Наши, как когда-то учил генерал Шаманов, не полезли на рожон, а стали дожидаться «брони». По радио им сообщили, что по горной дороге спешат четыре «коробочки»: два Т-72 и две БМП с сирийскими экипажами. Шаманов дорожил человеческими жизнями и всегда говорил: «Мне люди дороже, я никуда не спешу. Не возьму склон сегодня, возьму завтра, снесу «Градами» или «восьмидесятками» – главное, чтобы вы были целы и вас потом дождались дома невредимыми». Такая позиция страшно бесила чеченских «духов». Они соглашались биться и умирать вместе с русскими, но совершенно не были готовы захлебываться землей и кровью под осколками «Градов» на виду нахально загорающей под горным солнцем российской армии и всего мирового сообщества. Тогда они и объявили за голову Шамана премию в пятьдесят тысяч долларов. Объявили так, на всякий случай – вдруг из жадности какая-нибудь сволочь из шамановской армии по пьяни застрелит генерала и уйдет в горы. На войне всякое случается.
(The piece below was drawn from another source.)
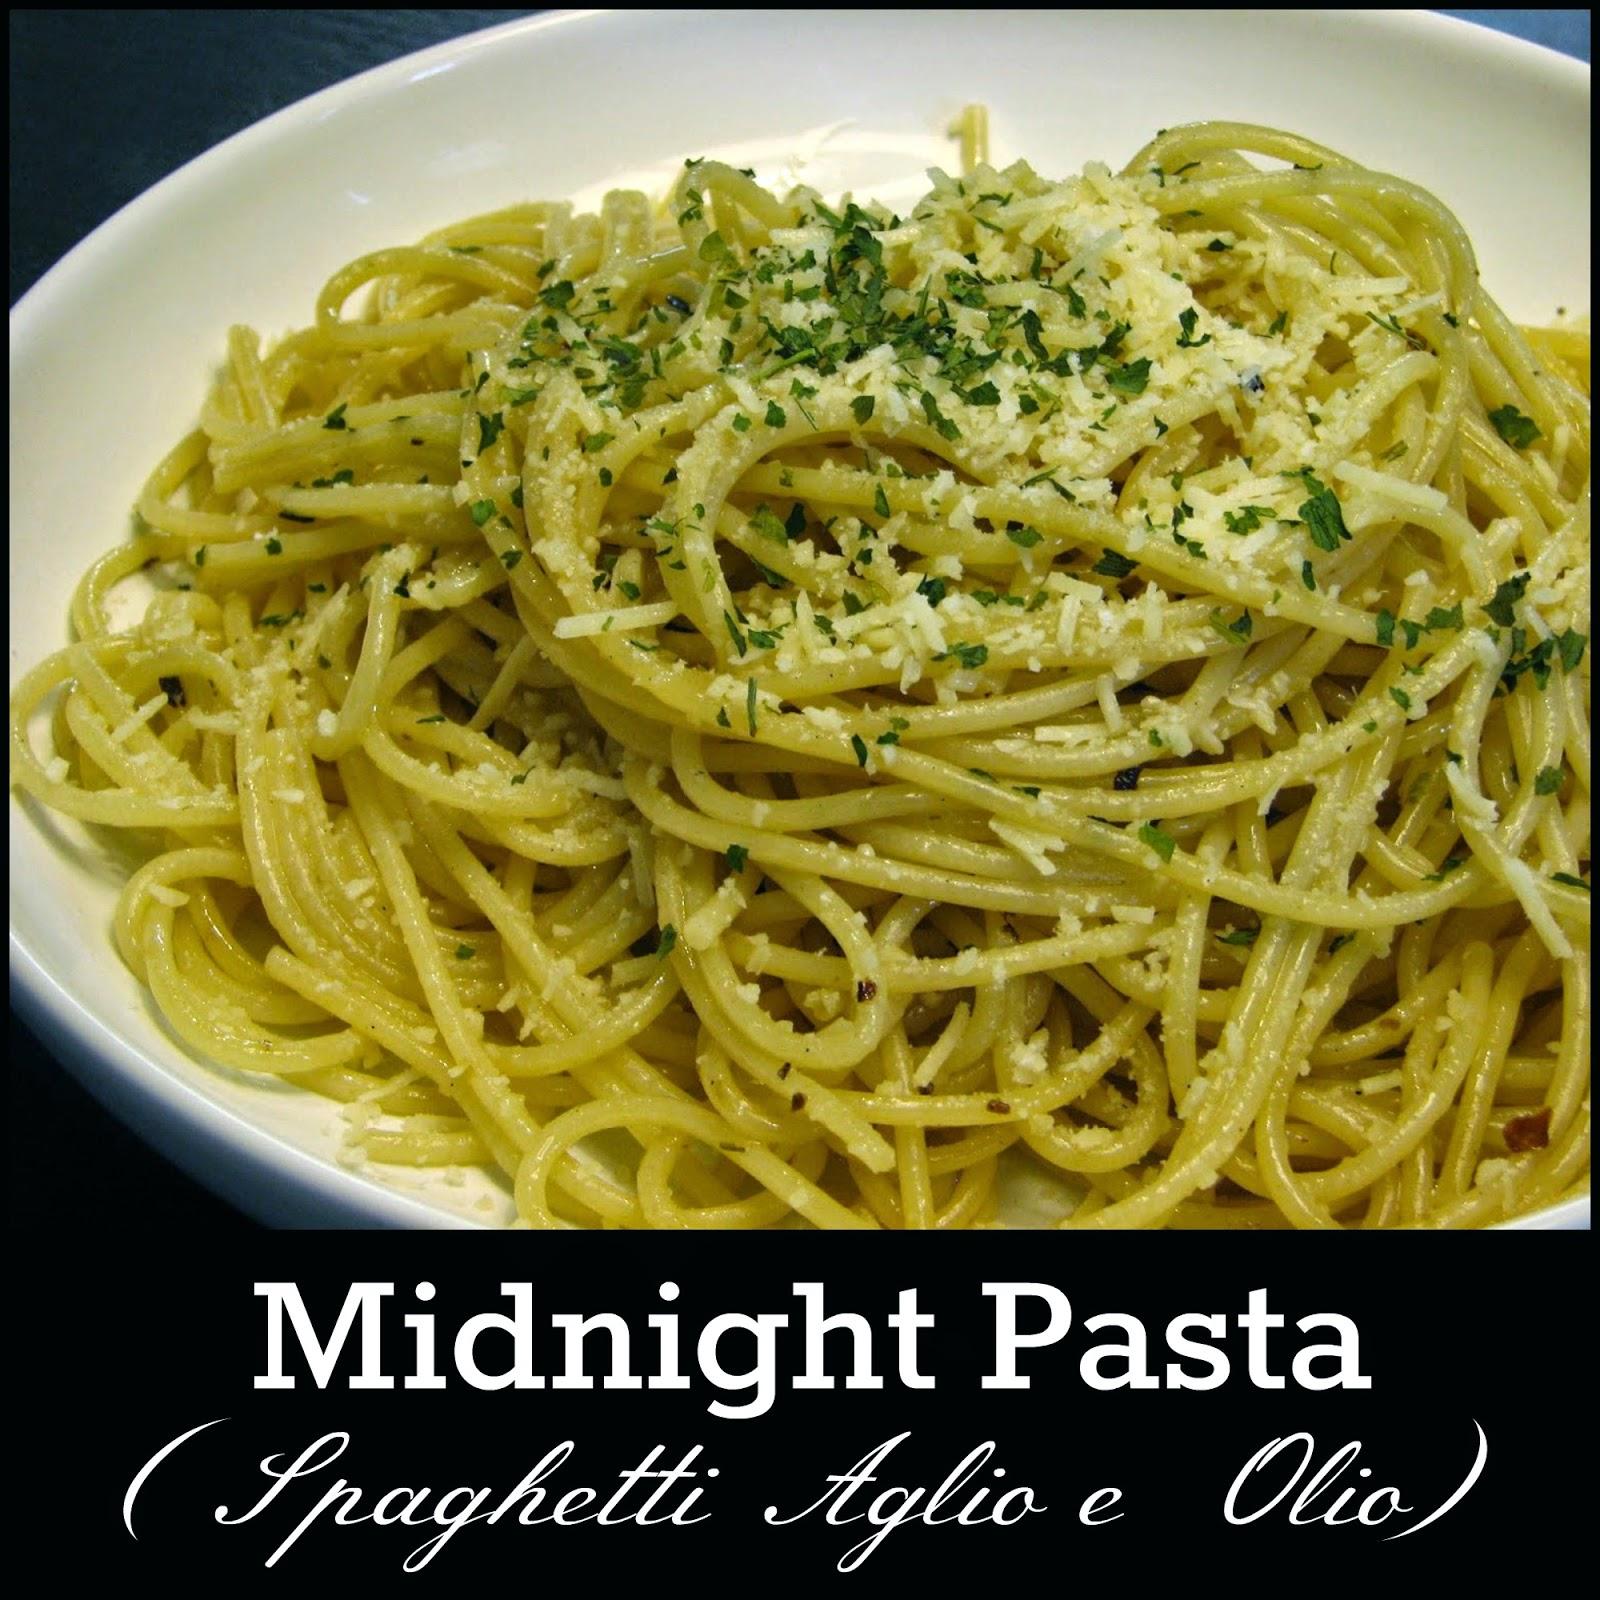 midnight pasta spaghetti aglio e olio

Но таких у Шаманова не нашлось, как не нашлось их и у Рохлина.
Парни из группы Новикова залегли в приямках, лениво постреливая в сторону сирийских боевиков. Те так же лениво отвечали «в никуда».
Каким-то неведомым образом сирийцы догадались, что к лагерю пожаловал русский спецназ. Видать, знали, что наши не бросают своих в беде.
И тут в горной лесистой лощине раздался громкий голос араба, знающего русский язык:
– Ну что, получили?! Мы вас сегодня будем резать! Всех по одному, мать вашу!..
И так разошелся он, используя непечатные выражения, что спецназовцы даже приуныли. Мат этот продолжался без остановки минут двадцать, а «коробочки» все не подходили.
Кто-то из ребят начал стрелять на звук. Но безуспешно, и это еще больше раззадорило боевика.
– А ты попади, Иван-дурак! Руки у тебя не на то заточены, неверный! Тебе топором дрова рубить, а не из автомата стрелять, Семен!
Лапин услышал свое имя и слегка охренел. «Вот сука! – подумал он. – Ладно, посмотрим…»
Сема стал прикидывать, где засел этот проклятый полиглот…
Получалось, что сириец пристроился в ямке, прямо на дне высохшего ручья. В той ямке, в которую Семен скатился, когда неожиданно начался бой.
Стал он прикидывать, на сколько метров отполз от того укрытия. Потом задрал автомат, что-то считая про себя под обидные матерные выкрики араба.
«Ну, с богом!»
Подствольник с характерным звуком выплюнул гранату. Через несколько секунд раздался приглушенный хлопок.
И тишина. Полиглот замолчал.
Вскоре подошла техника. Бой был скоротечным – не более пяти минут. Часть боевиков была уничтожена, часть отошли в горы. Наши взяли лощину и следующую возвышенность, с которой открывался просто идеальный вид на лагерь боевиков радикальной оппозиции.
Осматривая поле боя, ребята с удивлением нашли полиглота-матерщинника. У него была полностью оторвана челюсть и снесена половина лица. Семкина граната попала ему в голову, а возможно, и точно в рот. Это был высший пилотаж в стрельбе из подствольного гранатомета. С тех пор Лапина и окрестили Божий Глаз.
Ну а врачей тогда освободили и вскоре вернулись вместе с ними самолетом в Москву.
– Все, граждане, подъем и в путь, – прикопал остатки ужина майор Новиков. – Сейчас двадцать один тридцать. Через полчаса кратковременно тормознем для сеанса связи с Москвой.
«Граждане» завозились, также по давней традиции закапывая пустые пакеты и консервные банки.
Спустя пять минут группа из десяти человек исчезла в сгущавшихся сумерках.
* * *
– «Башня», я – «Равелин».
– «Равелин», «Башня» на связи. Докладывайте.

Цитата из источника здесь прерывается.